Академики последнего века до Pождества Христова


Главным центром эклектизма была, однако, Академия. Уже некоторые из личных учеников Карнеада, как например, Метродор из Стратоники, Эсхин и вероятно также Хармид, отказались от убеждения в абсолютной непознаваемости вещей. Более определённо выразилась эта тенденция у ученика и преемника Клитомаха Филона из Лариссы (по крайней мере в последние годы его жизни).

Филон родился в 160/159 году до P. X., в 88 году бежал в Рим, где он был учителем Цицерона и умер до 79 года. Он не только ставил философии вообще задачу показывать человеку путь к блаженству, но хотел достигнуть этого посредством подробной этической теории, оспаривая ложные нравственные воззрения и внушая истинные; таким образом, он совершенно забывал о том воздержании от суждений, которого Карнеад придерживался и в этике, и, следовательно, не мог оставаться при точке зрения, которая делала спорной истинность всех убеждений.

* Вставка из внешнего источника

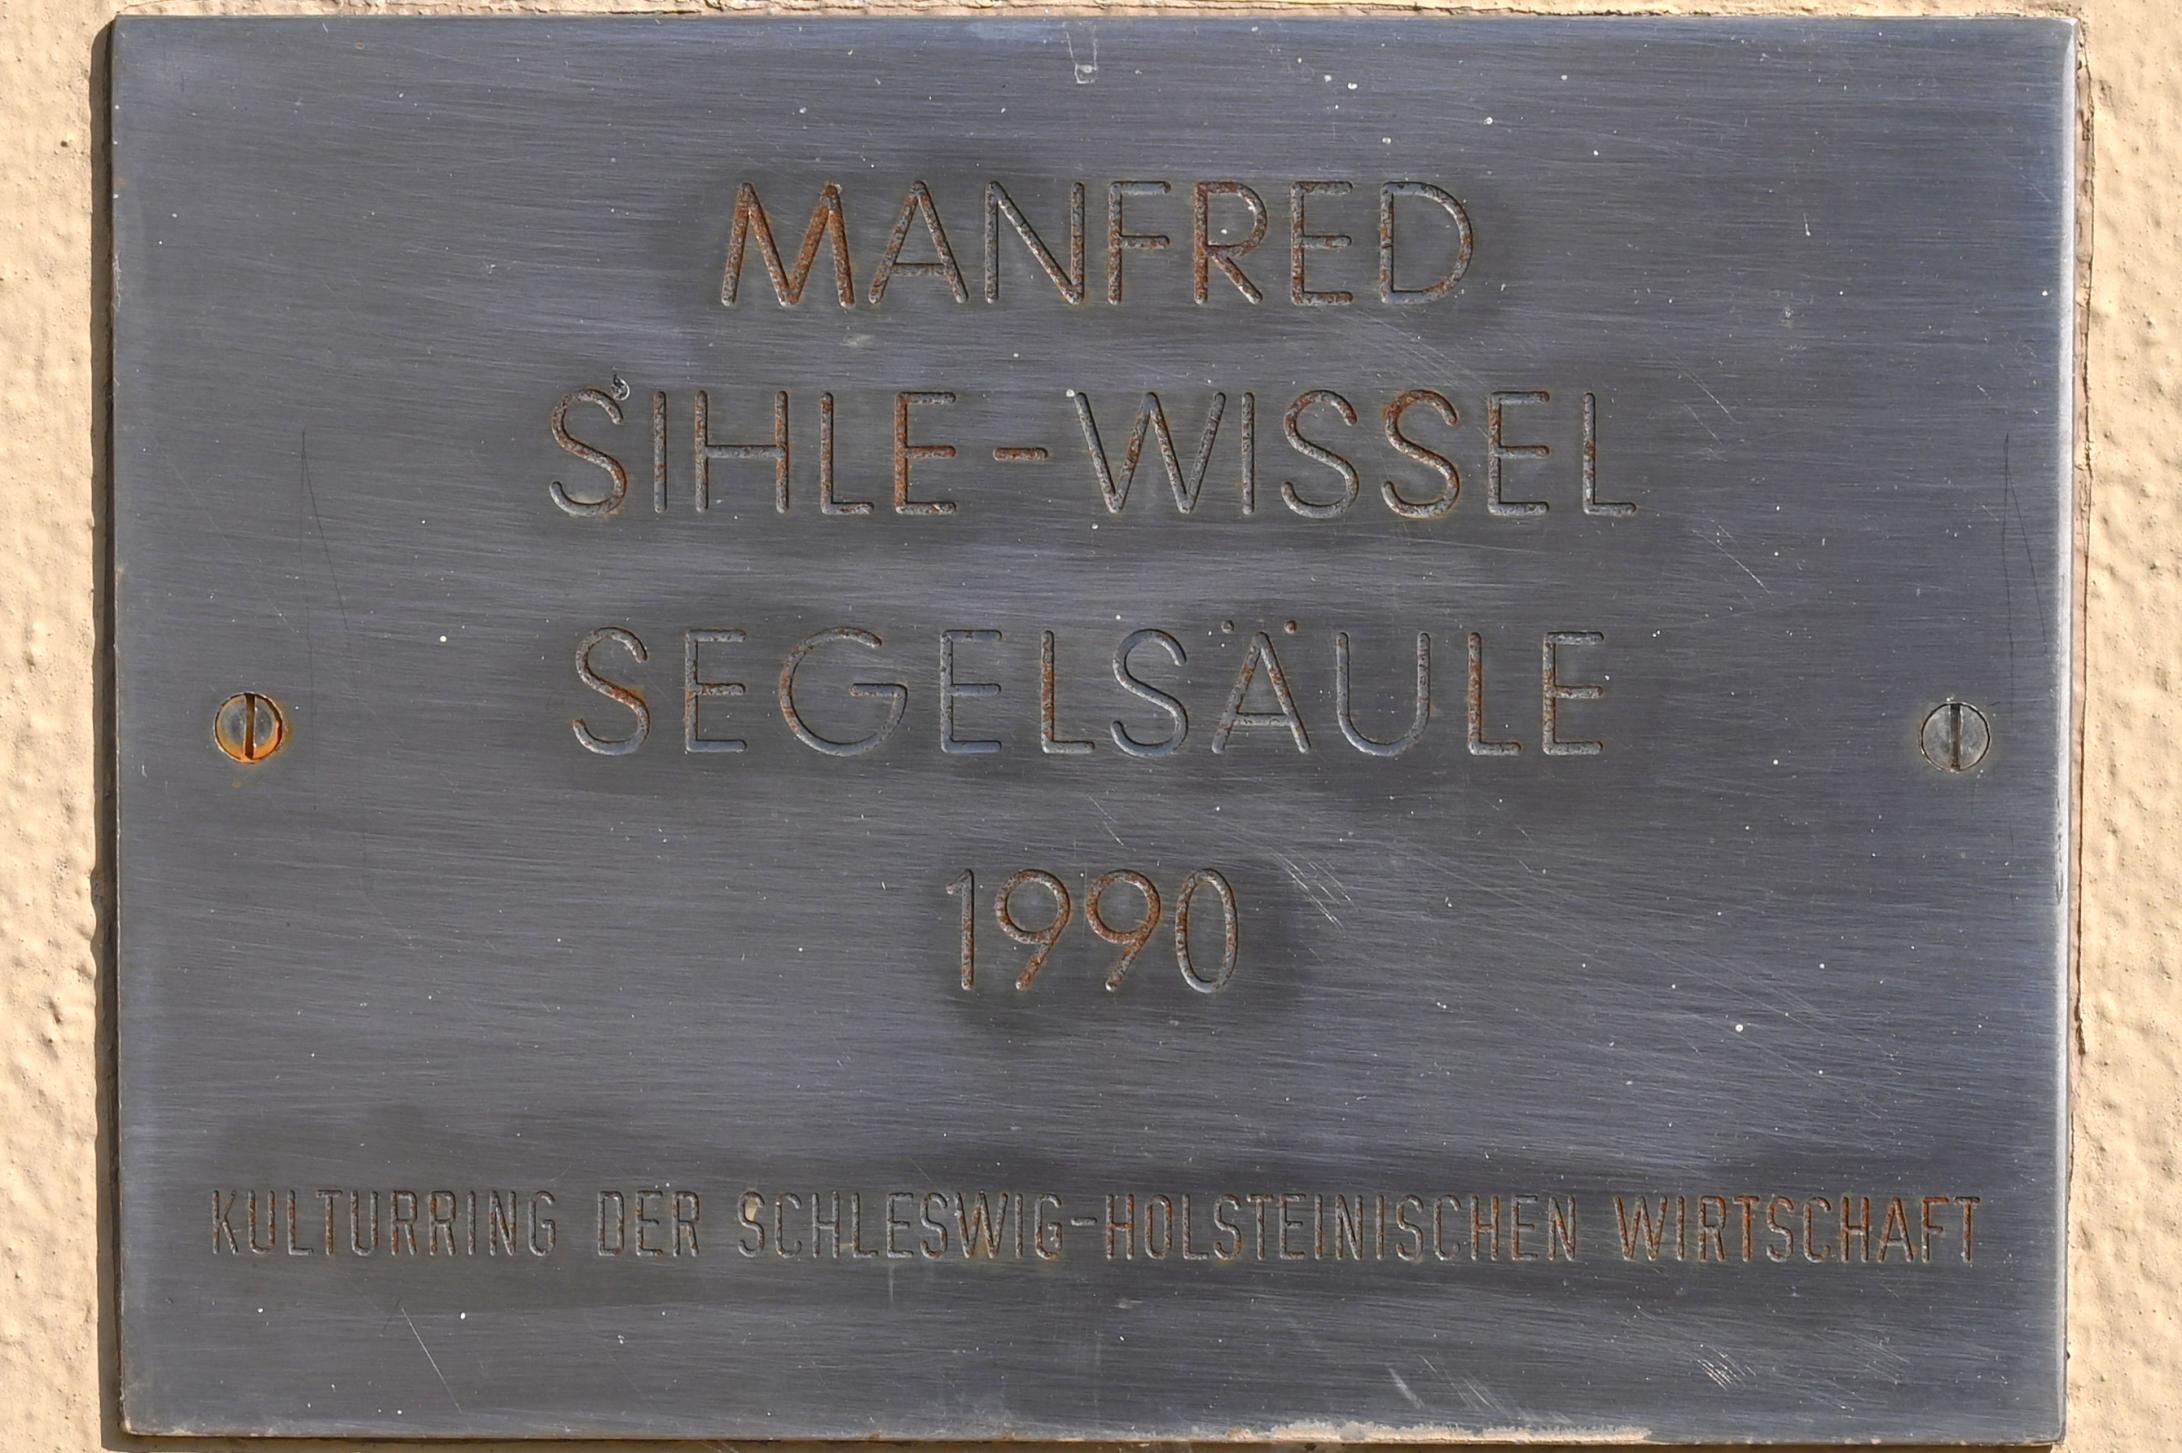 Manfred Sihle-Wissel (1975–2011), Segelsäule, Schleswig, Landesmuseum für Kunst und Kulturgeschichte, Außenbereich, 1990, Bild 3/3

Поэтому, хотя он и оспаривал вместе с Карнеадом стоическое учение о критерии и считал невозможным абсолютно достоверное знание, постижение вещей в смысле стоического «постигнутого представления», однако он не отрицал всякую познаваемость вещей и доказывал, что и Аркесилай и Карнеад не имели намерения её отрицать: ибо существует очевидность, которая даёт прочное, удовлетворяющее исследователя убеждение, хотя она и не достигает безусловной достоверности понятия.

Таким образом, Филон искал чего-то среднего между вероятностью и знанием.

Несостоятельность этой промежуточной позиции понял преемник Филона Антиох из Аскалона (умер в 68 году до P. X.), который, наряду с Филоном, слушал и стоика Мнесарха и в силу своего несогласия с новоакадемическим учением под конец вступил в спор с Филоном. Этот академик, который был другом Лукулла и которого слушал также Цицерон в Афинах, окончательно увёл Академию от скептицизма к эклектизму.

Если Филон ещё придерживался мнения, что нет ничего абсолютно достоверного, то Антиох вернулся к утверждению достоверного знания и, тем самым, к решительному догматизму. В его возражениях против скептицизма для него, как и для стоиков, особое значение имеет несомненно мысль, что без твёрдого убеждения невозможно разумное устройство жизни. Впрочем, он оспаривал скептицизм и научными аргументами; так, он доказывал, что без истины нет и вероятности, а тем более — очевидности; противоречиво утверждать, что ничего нельзя утверждать, и доказывать, что ничего нельзя доказать; нельзя говорить о ложных представлениях, если отрицаешь различие между истиной и ложью, и тому подобного.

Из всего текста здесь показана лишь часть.